Speight betrifft, so erinnere ich mich am deutlichsten an seine
Antwort auf eine meiner Fragen, nämlich, warum Ärzte und
Sozialarbeiter so bösartig zu Patienten mit schwerem ME seien. Er
antwortet, dass sich der Berufsstand in den vergangenen 30 Jahren
beträchtlich verändert habe und dass er sehr viel offener gegenüber
den Meinungen von Patienten sei als früher; in der Vergangenheit
seien Ärzte patriachalisch und davon überzeugt gewesen seien, sie
wüssten es am besten und sie manchmal geneigt waren, Patienten über
ihren Gesundheitszustand zu belügen. Er erwähnte auch, dass
Sozialarbeiter häufig mit sehr feindseligen Familien aus
Sozialwohnungen zu tun hätten, von denen manche ihren Hund auf sie
loslassen und dass sie dann, wenn sie mit einer ruhigen und
freundlichen Mittelklassefamilie mit einer bettlägerigen Tochter zu
tun hätten, ein Gefühl von Macht bekämen, das sie nicht erreichen
würden, wenn sie mit ihrem üblichen „Klientel“ zu tun hätten, und
sie dieses Machtgefühl dann ungehemmt ausleben würden.
Momentan gibt
es keine weitere Gelegenheit, diesen Film anzusehen; die Leute aus
der ME-Gemeinde, die nicht in der Lage waren, zu einer der beiden
Vorführungen zu kommen, fordern die Herausgabe einer DVD, aber die
Produzenten sagen, dass sie „auf Nachricht von einem internationalen
Vertriebsunternehmen warten“.
Ich sollte
jedoch hinzufügen, dass Menschen mit ME nicht das beste Publikum für
diesen Film sind und dass er Kindern mit ME (ganz zu schweigen von
Kindern mit schwerer ME) nicht gezeigt werden sollte, wie es
die Produzenten bereits angeraten haben, denn dieser Film wird sie
in Verzweiflung stürzen. Ich sollte auch noch hinzufügen, dass
Freunde von den Menschen, deren Geschichten in dem Film berichtet
werden, wahrscheinlich nichts erfahren werden, was ihnen ihre
Freunde nicht schon erzählt hätten.
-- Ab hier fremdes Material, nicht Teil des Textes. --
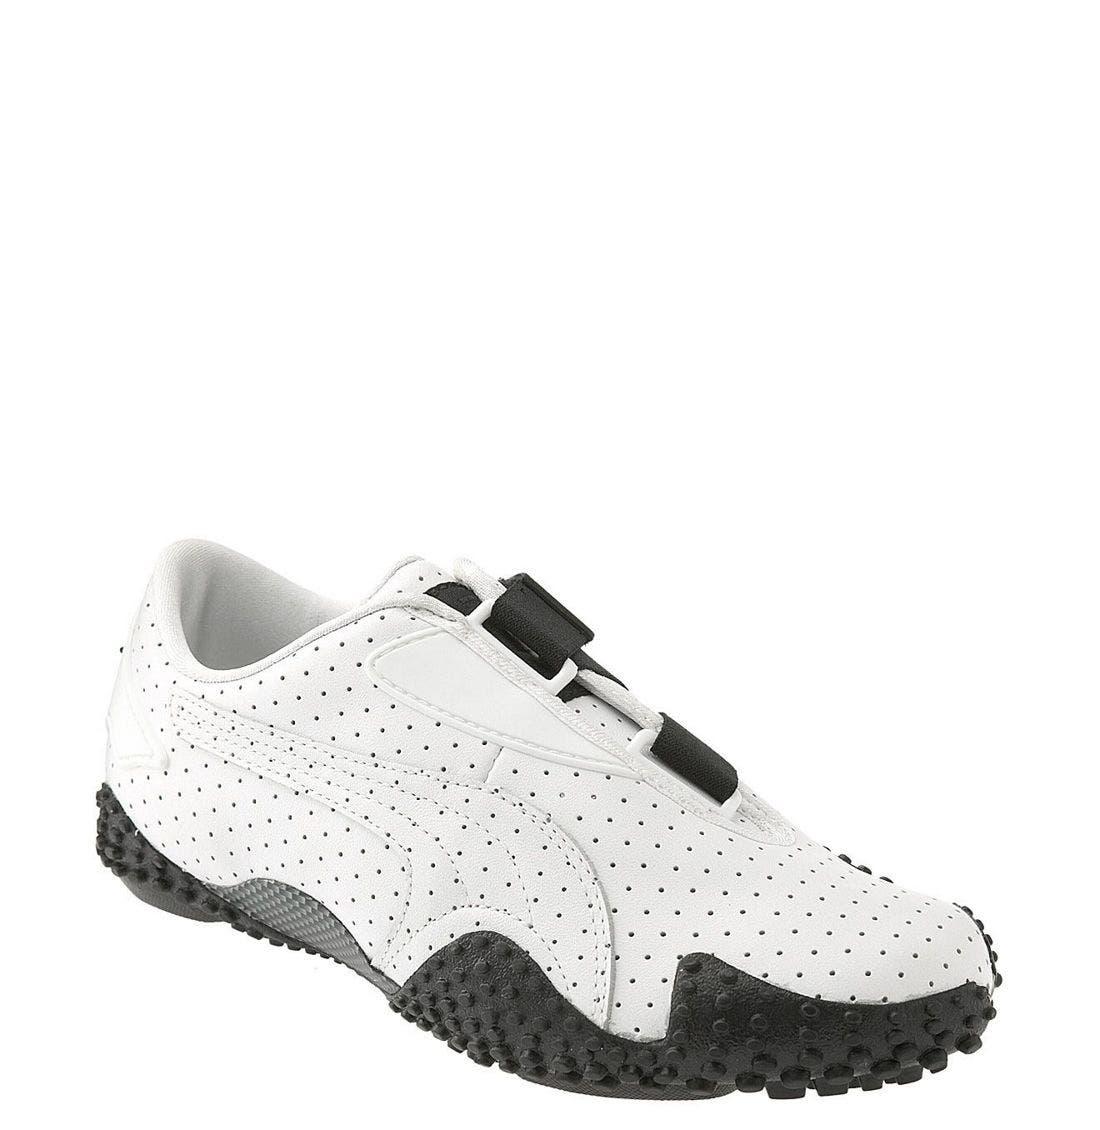 Alternate Image 1 Selected - PUMA 'Mostro Perf' Sneaker (Women)

Insbesondere angesichts der
haarsträubenden Berichterstattung über die Anschuldigungen über
„Todesdrohungen“ im vergangenen Sommer [Informationen dazu
hier und
hier] sollten die Medienvertreter diesen Film für ihre eigene
Weiterbildung ansehen. Der Film zeigt sattsam auf, wer die
wirklichen Opfer in dieser Angelegenheit sind und die, anders als
diejenigen, die sie beschuldigen, nicht den Luxus haben, in der Lage
zu sein, in die angebliche Sicherheit des Irak oder Afghanistans zu
flüchten. Sie sollten in der Lage sein, sich dort sicher zu fühlen,
wo sie sind: in ihrem Zuhause, in ihren Betten und wenn nötig auch
in ihrem örtlichen Krankenhaus. Im Licht der jüngsten Ereignisse
anderswo auf dieser Welt ist es das Kennzeichen eines despotischen
Regimes geworden, dass Menschen in Krankenhäusern nicht sicher sind
– und das ist in der Tat der Fall für einige unserer kränksten und
verletzlichsten Menschen. Das ist einem zivilisierten und
fortschrittlichen Land wie dem unseren nicht würdig.